▸ ASSIGNMENT
Your task is to copy the data exactly while leaving out every picture.

▸ PROVIDED MATERIAL

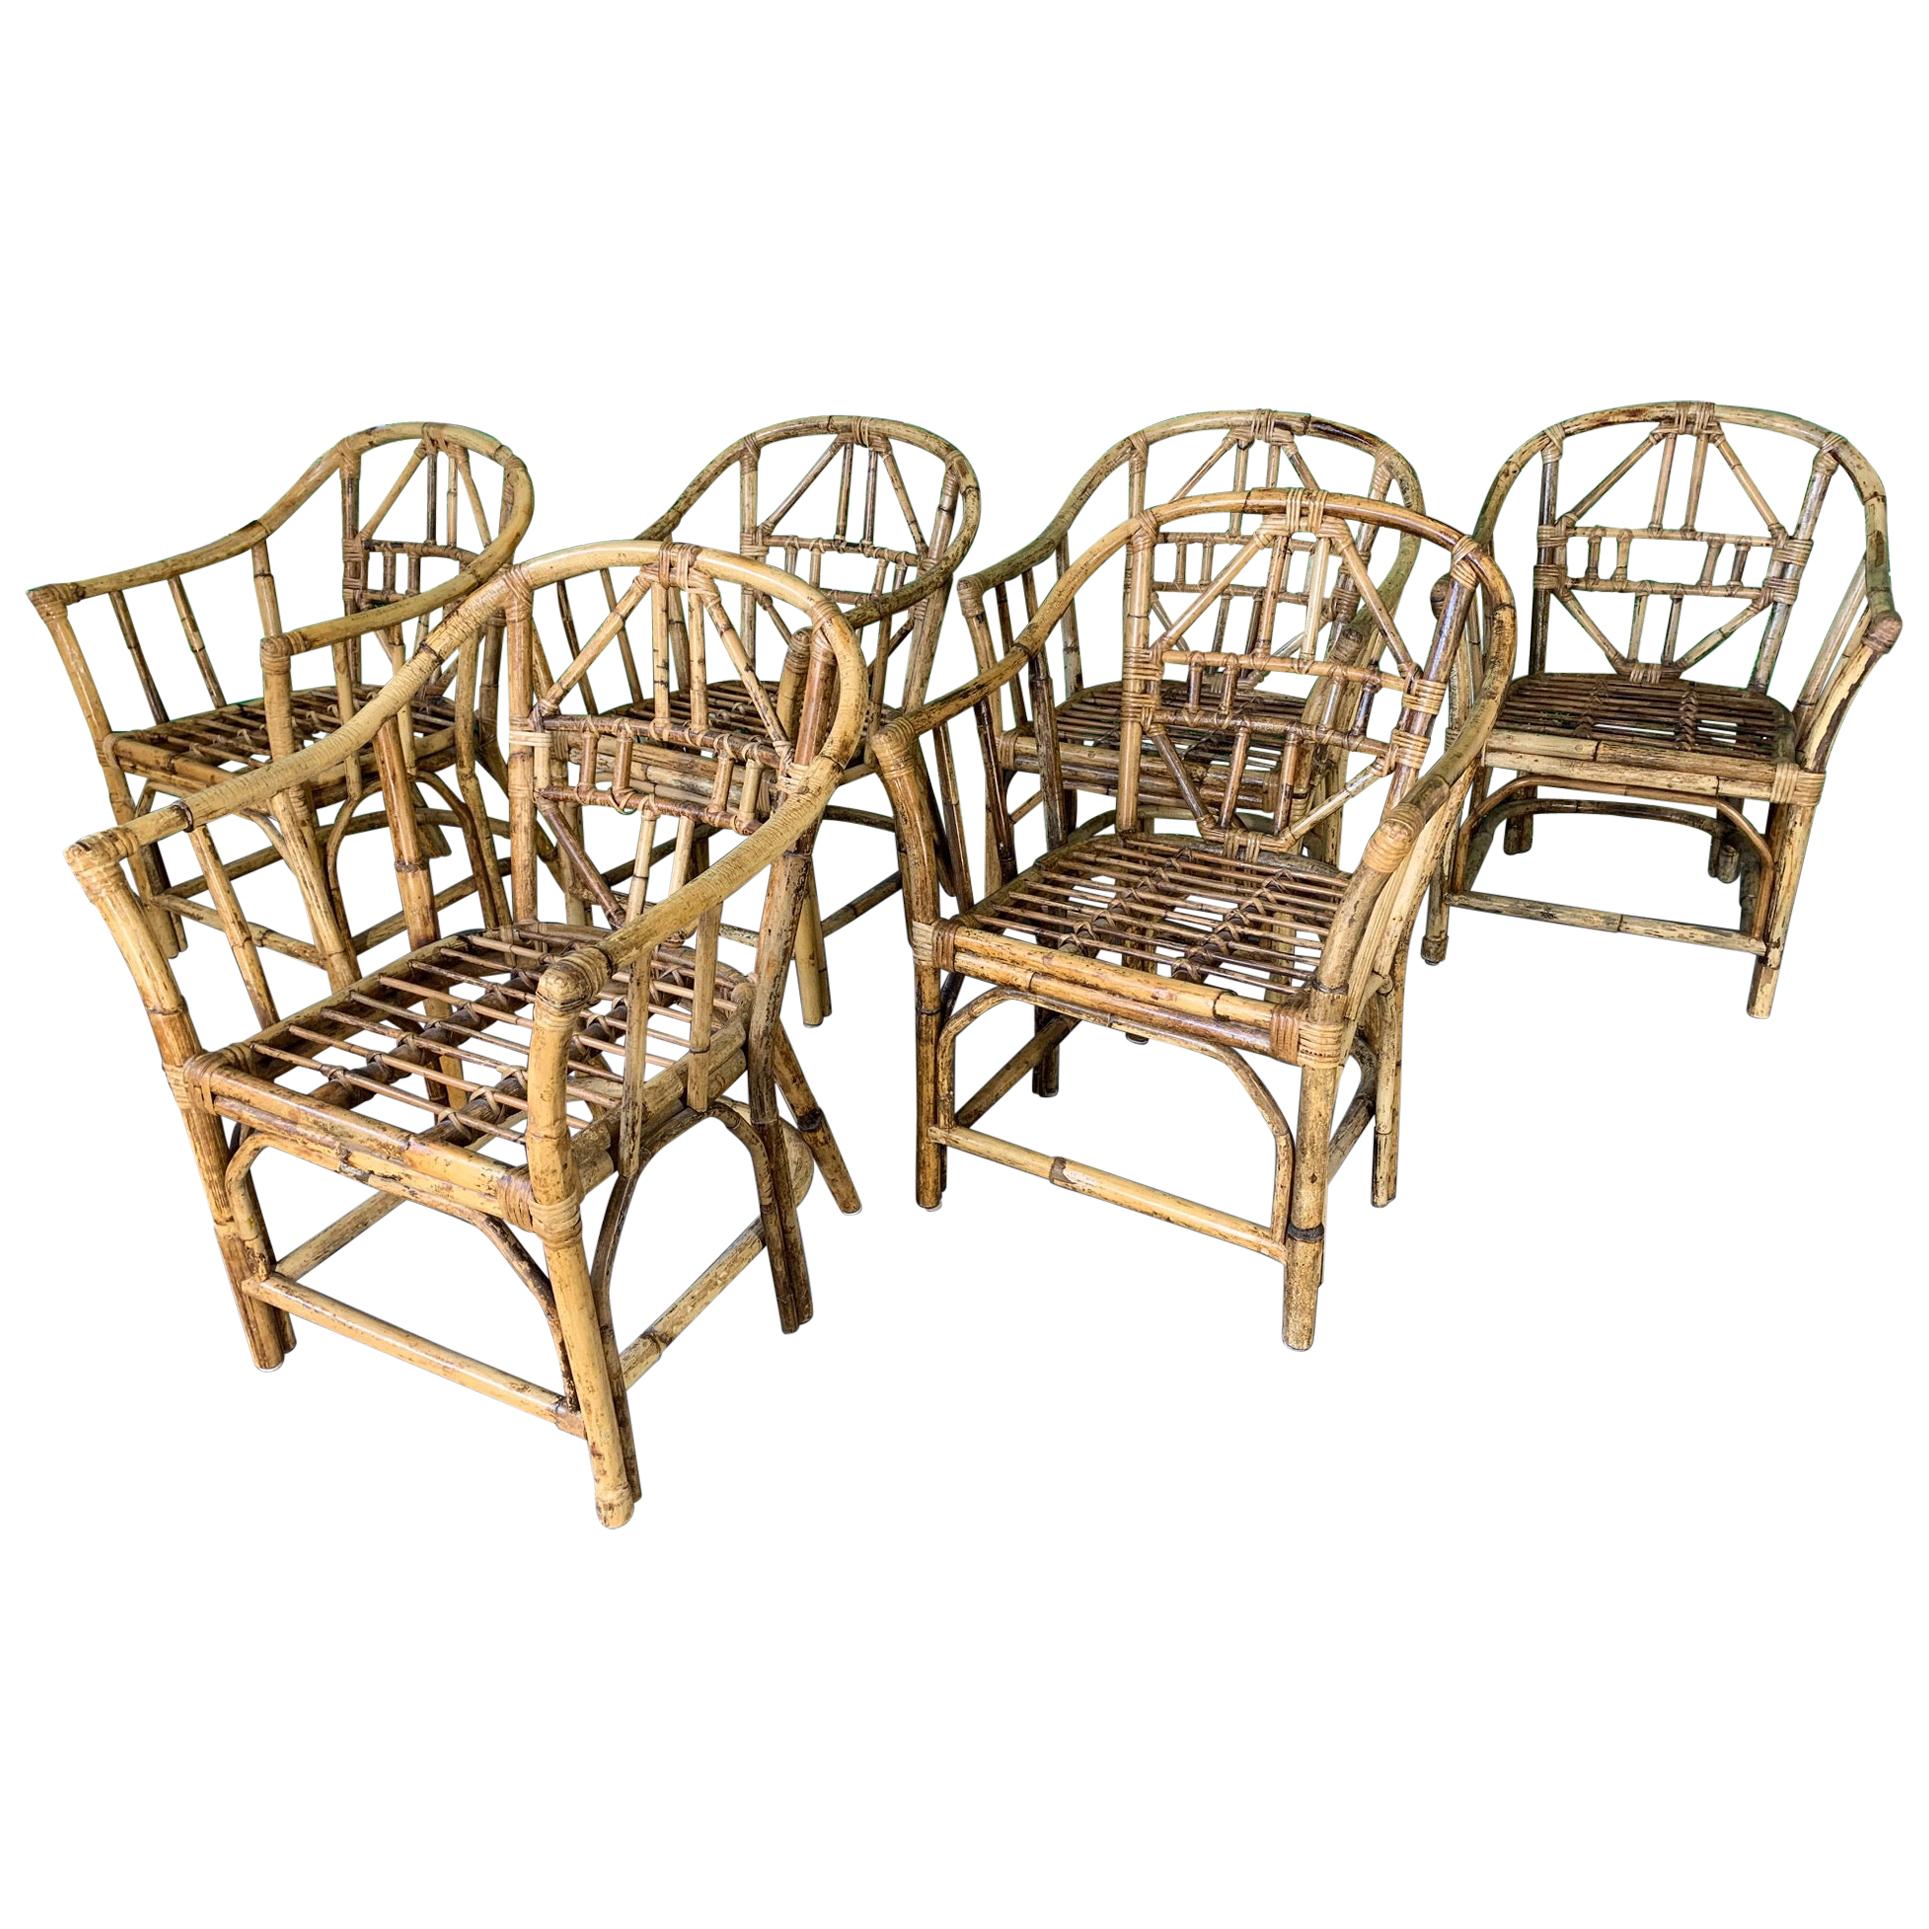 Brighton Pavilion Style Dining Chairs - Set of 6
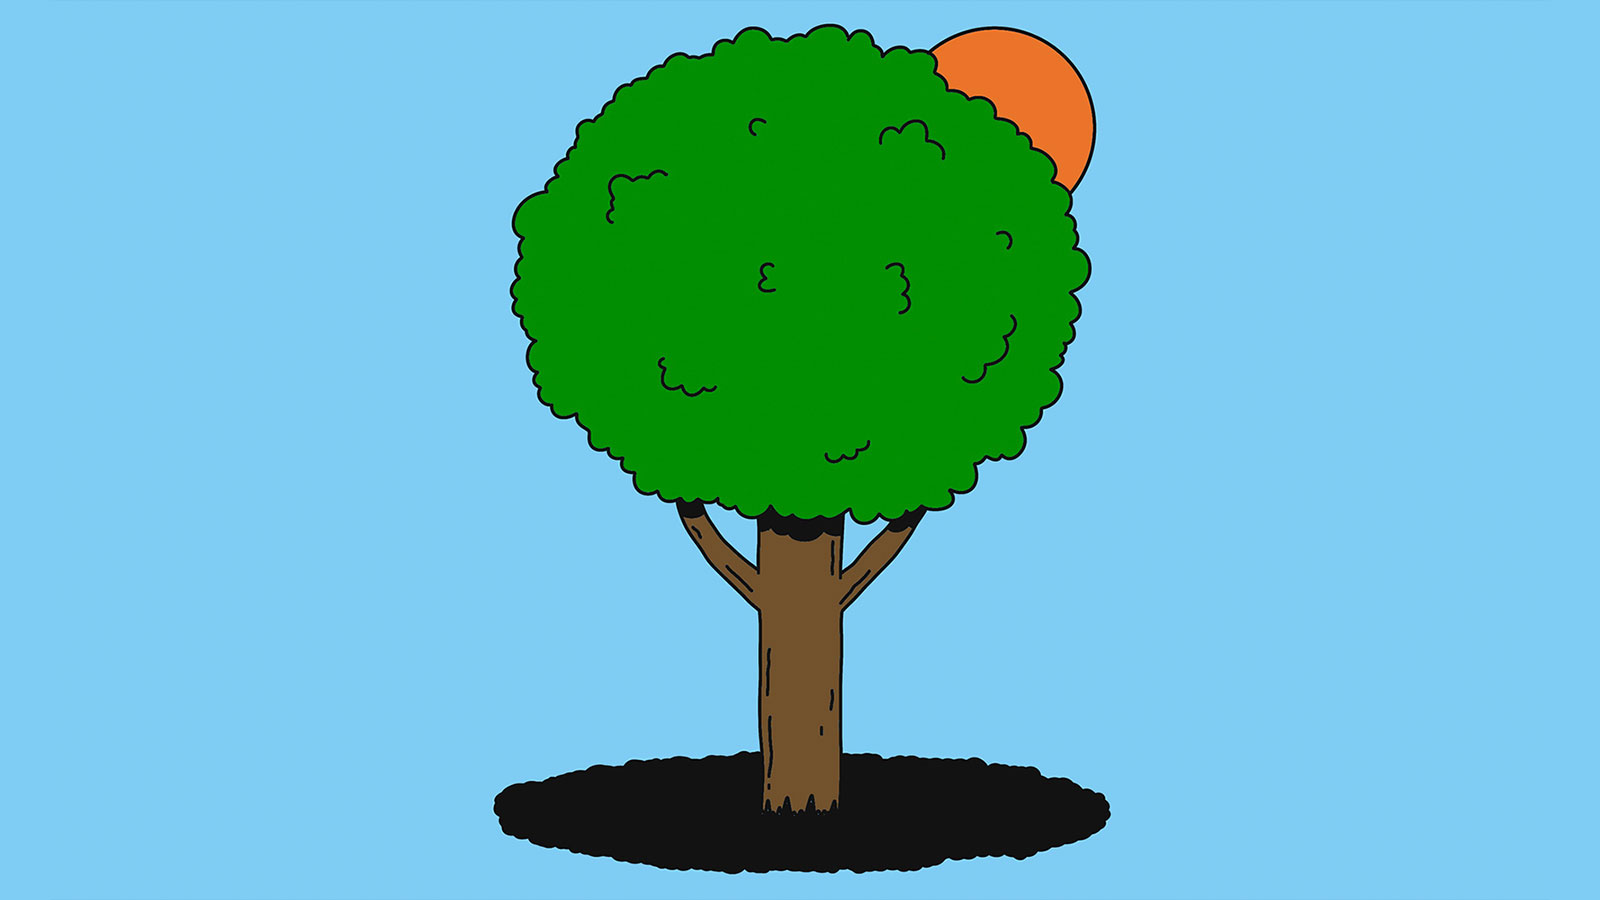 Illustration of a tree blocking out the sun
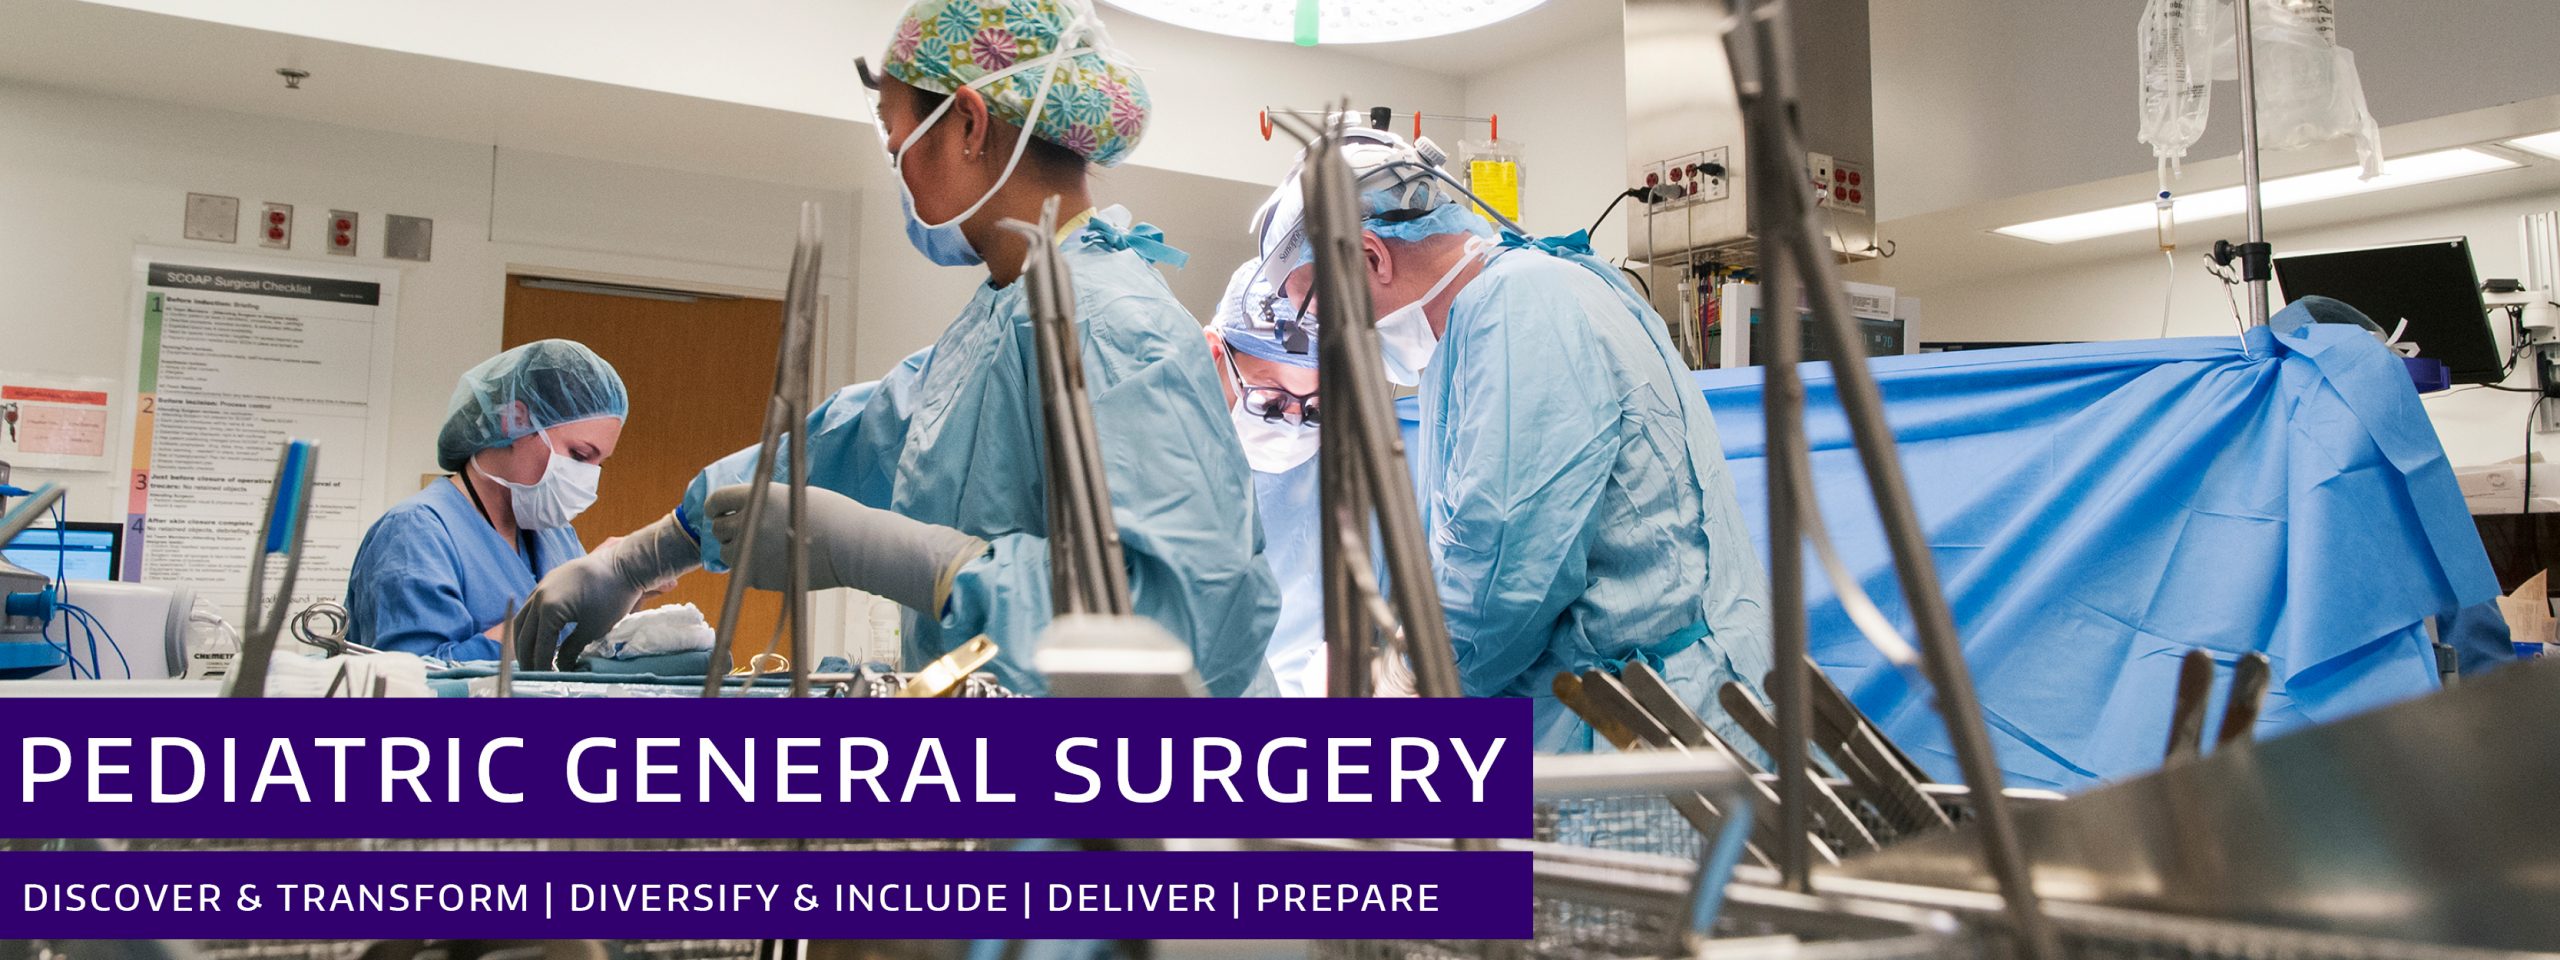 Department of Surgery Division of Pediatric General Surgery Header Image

▸ OUTPUT
 Brighton Pavilion Style Dining Chairs - Set of 6
 Illustration of a tree blocking out the sun
 Department of Surgery Division of Pediatric General Surgery Header Image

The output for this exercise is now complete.